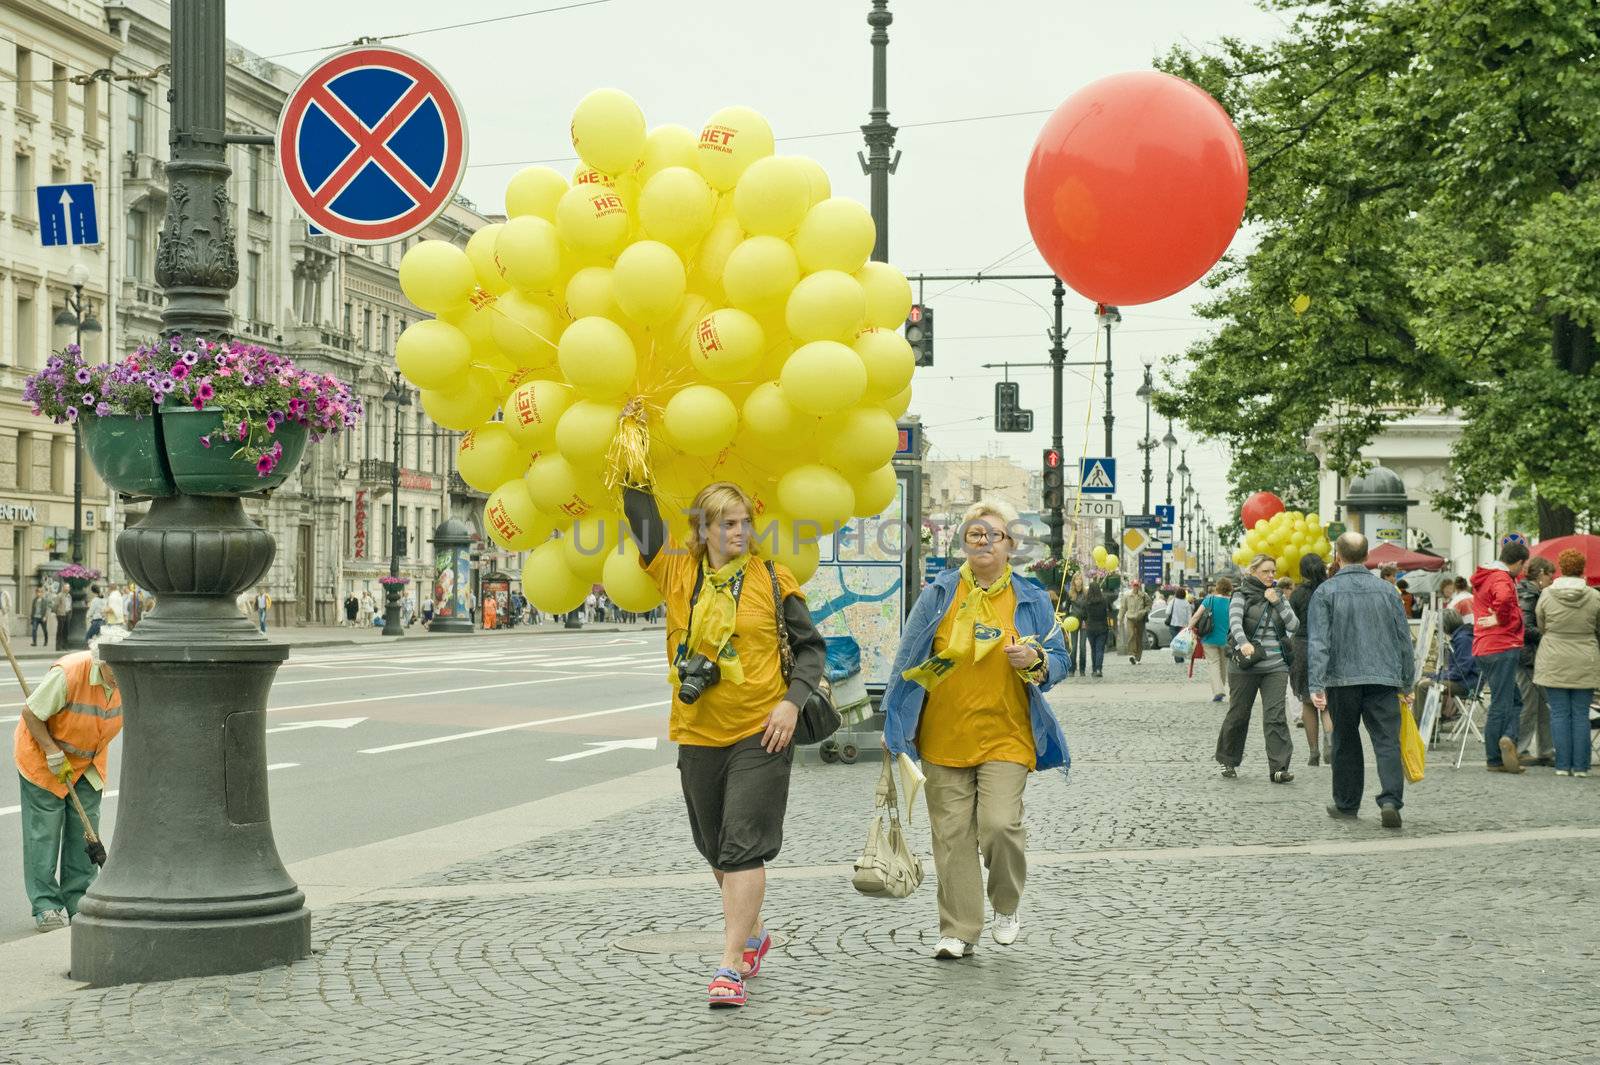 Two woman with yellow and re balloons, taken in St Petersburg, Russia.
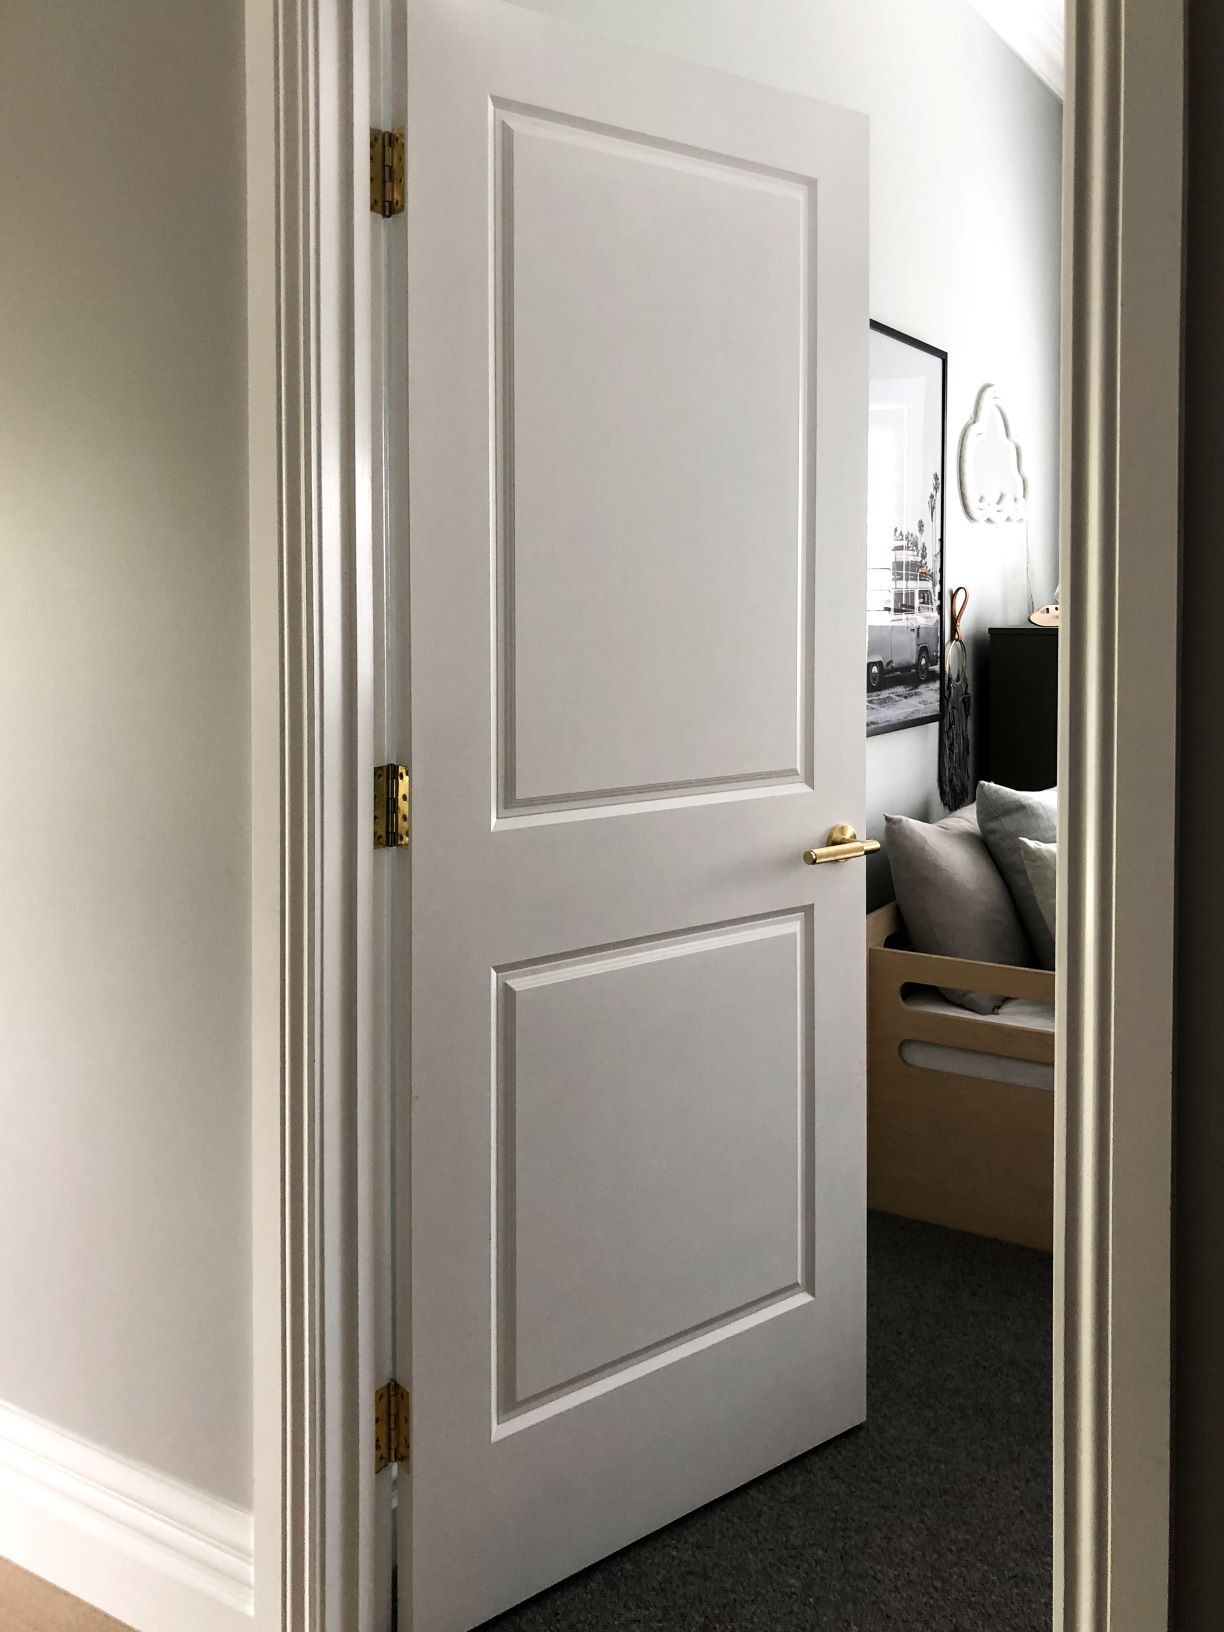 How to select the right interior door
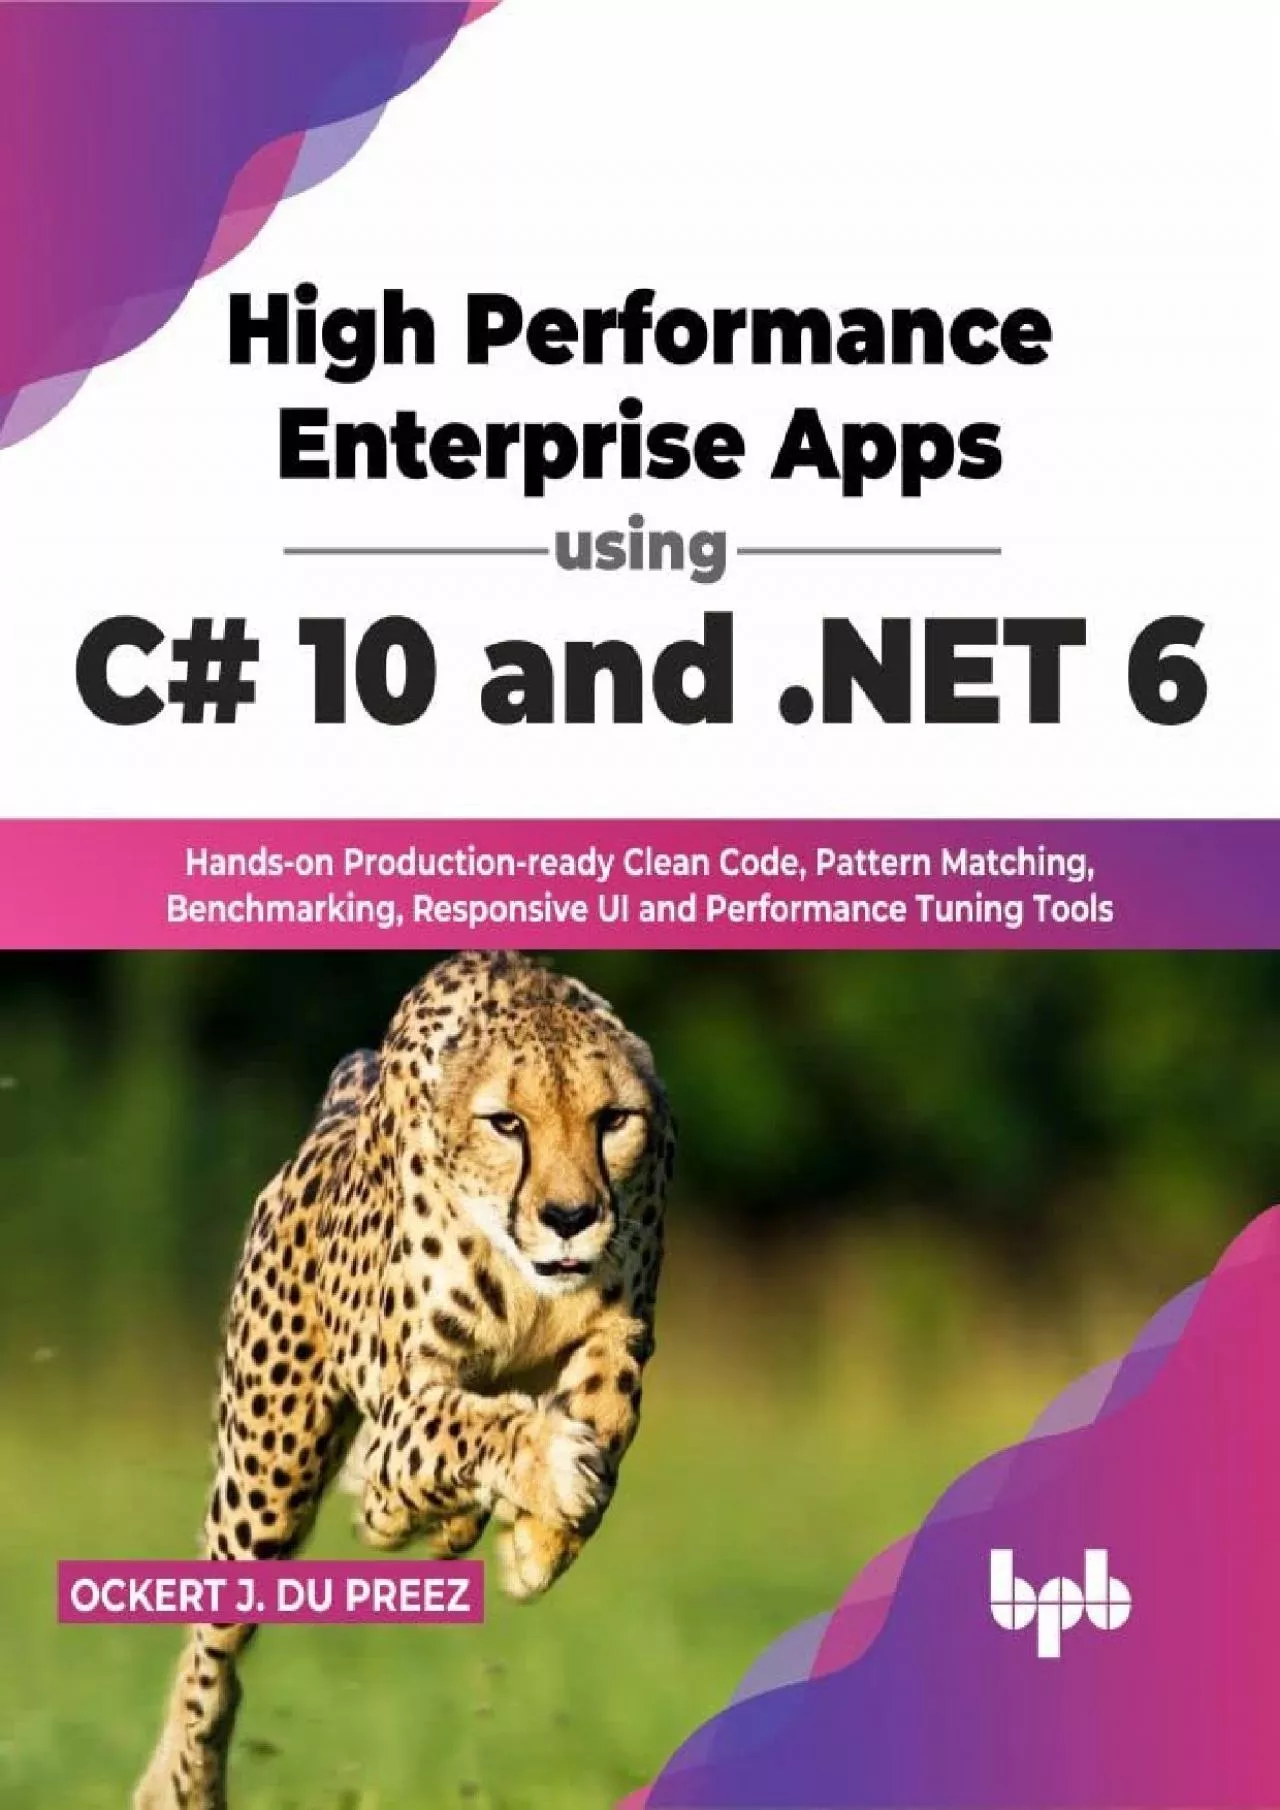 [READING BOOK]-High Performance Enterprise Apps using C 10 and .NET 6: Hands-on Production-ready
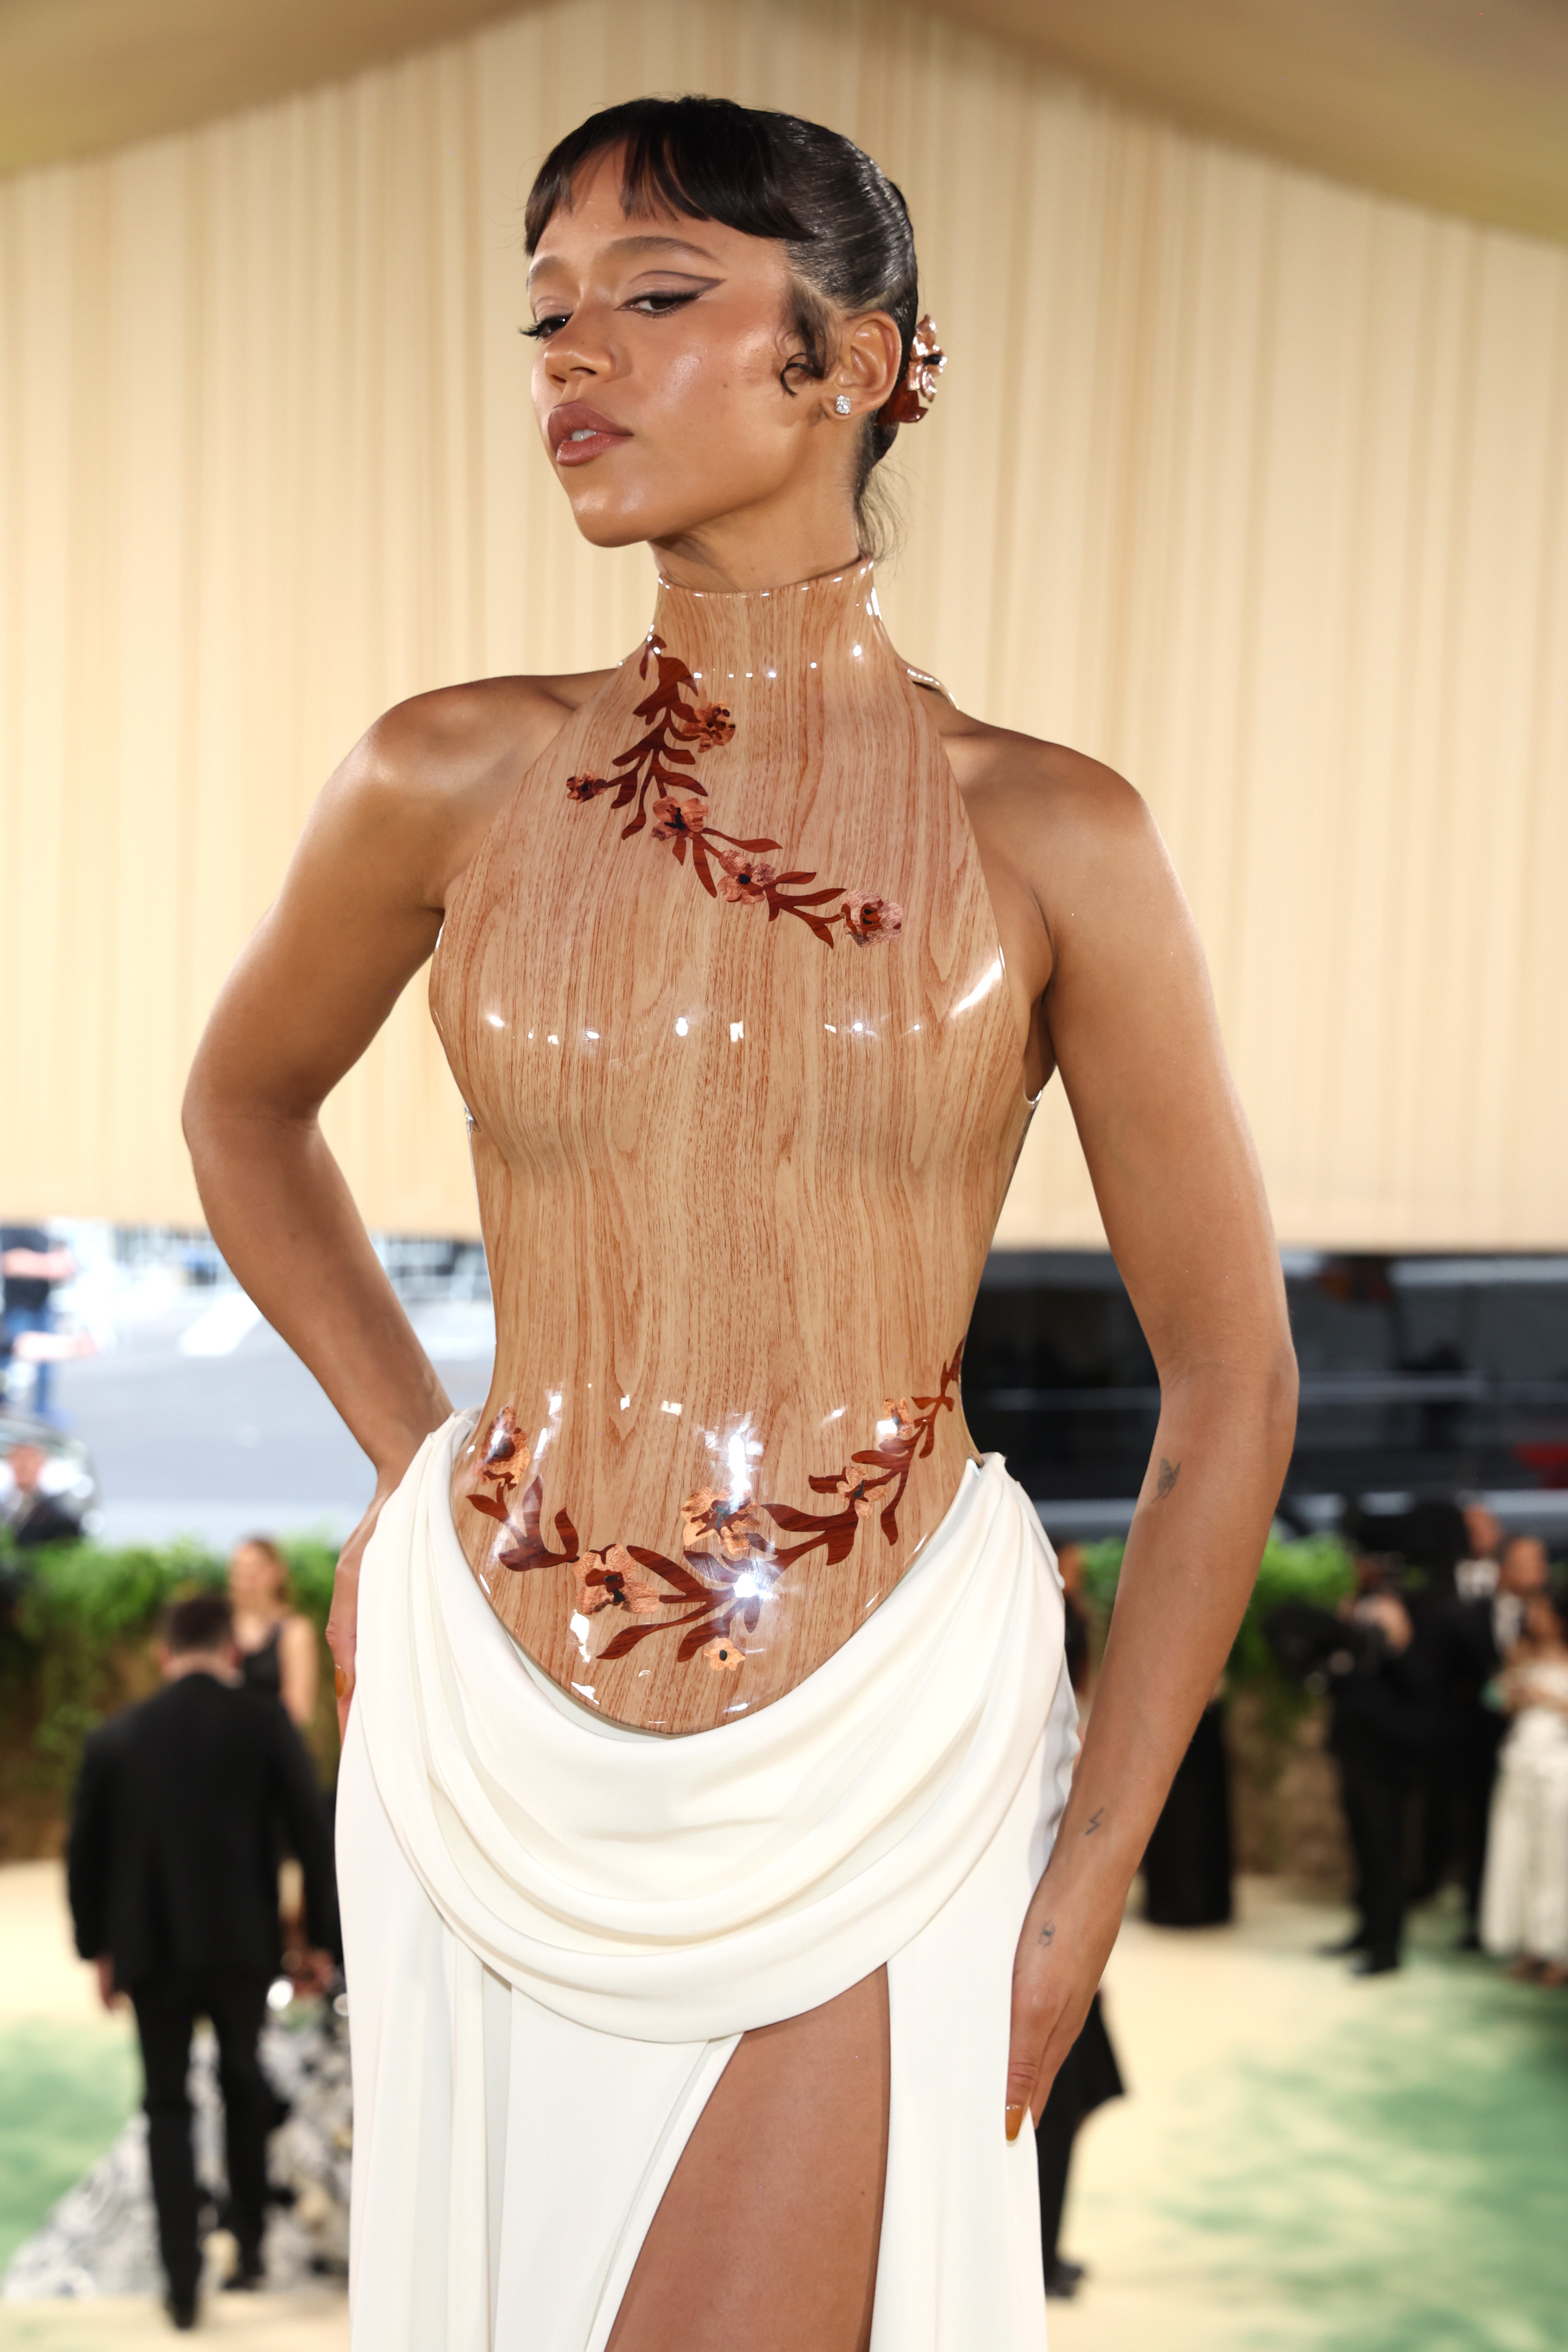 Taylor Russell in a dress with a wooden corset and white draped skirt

----

Write the listing again exactly, duplicating every line and skipping the pictures.

→ **Answer below**
 Two woman with yellow and re balloons, taken in St Petersburg, Russia.
 How to select the right interior door
 [READING BOOK]-High Performance Enterprise Apps using C 10 and .NET 6: Hands-on Production-ready
 Taylor Russell in a dress with a wooden corset and white draped skirt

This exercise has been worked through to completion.